# The one that got away or do something-man's opinion



## NJEH (Jan 11, 2011)

I've been single for about 18 months. Before that I married my highschool sweet heart. Needless to say I was a little rusty getting back into dating. Anyway, a couple of weeks a go I met a guy at the local park/pool. Basically our kids started playing together and we started talking. We spent hours talking. It felt so easy, we had so much in common, I hadn't experienced that in a long time. At the end, he asked for my number but I said no (my thinking at that moment was he was still a stranger), but I was sure we would see each other again. Now I'm regretting this choice. He told me so much about himself, that I'm sure if I wanted to get in touch with him it would be easy, but I don't want to look needy or like a stalker. I've never been the one to pursue someone, so it feels a little strange to think this way. What path should I take here? Should I do anything or just see if we meet again naturally?


----------



## SunnyT (Jun 22, 2011)

Take the kids back to the park/pool? And google the guy.


----------



## Acorn (Dec 16, 2010)

Google the guy, call him up, life is too short. That's the result he was hoping for anyway.


----------



## sinnister (Dec 5, 2010)

Nahhh. If I were you I would wait to meet him again. Conversate a bit and then let him know if the offer is still available you'd like to give him your number.

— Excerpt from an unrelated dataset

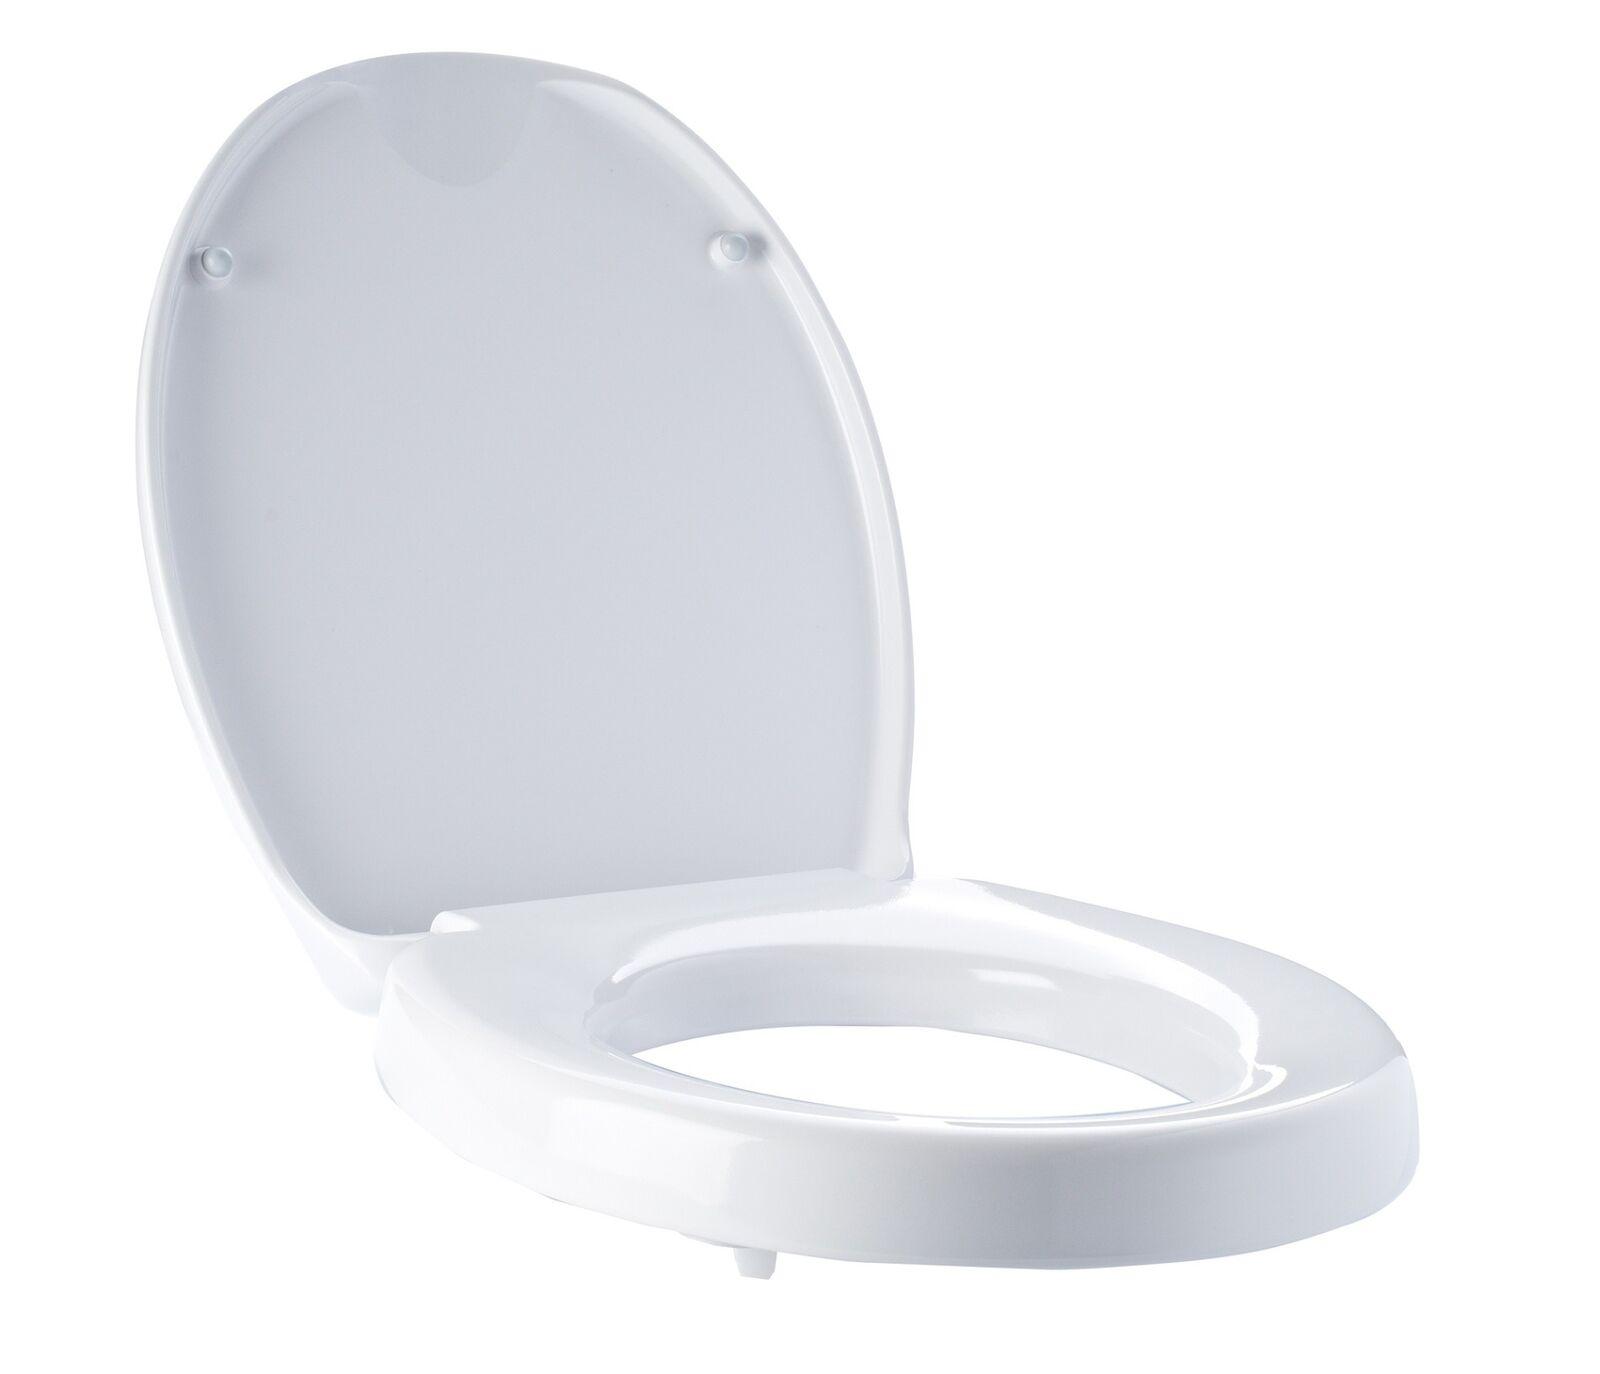 WC Erhöhung Toiletten Sitzerhöhung Toilettenauflage Ridder Absenkautomatik TÜV

You're right. He IS still a stranger. See if conversation number 2 is worth giving your number.


----------



## anchorwatch (Mar 5, 2012)

A second conversation is in order. Make sure you dress a little nicer, next time your at the park. And smile when he sees you.


----------



## Jellybeans (Mar 8, 2011)

If yu see him again, get his digits. Life is too short for game-playing. If you are into him, ask him out.

The only thing to fear is fear itself.


----------



## DTO (Dec 18, 2011)

sinnister said:


> Nahhh. If I were you I would wait to meet him again. Conversate a bit and then let him know if the offer is still available you'd like to give him your number.
> 
> You're right. He IS still a stranger. See if conversation number 2 is worth giving your number.


Seriously? What if she does not run into him again/

Two options here if the OP does not want to give out a phone number:

1) Set up a follow-up date and time to meet before you part ways (that pool, Starbucks, wherever)

2) Set up a new e-mail address (you can open or close one of those in five minutes) through which you can communicate.


----------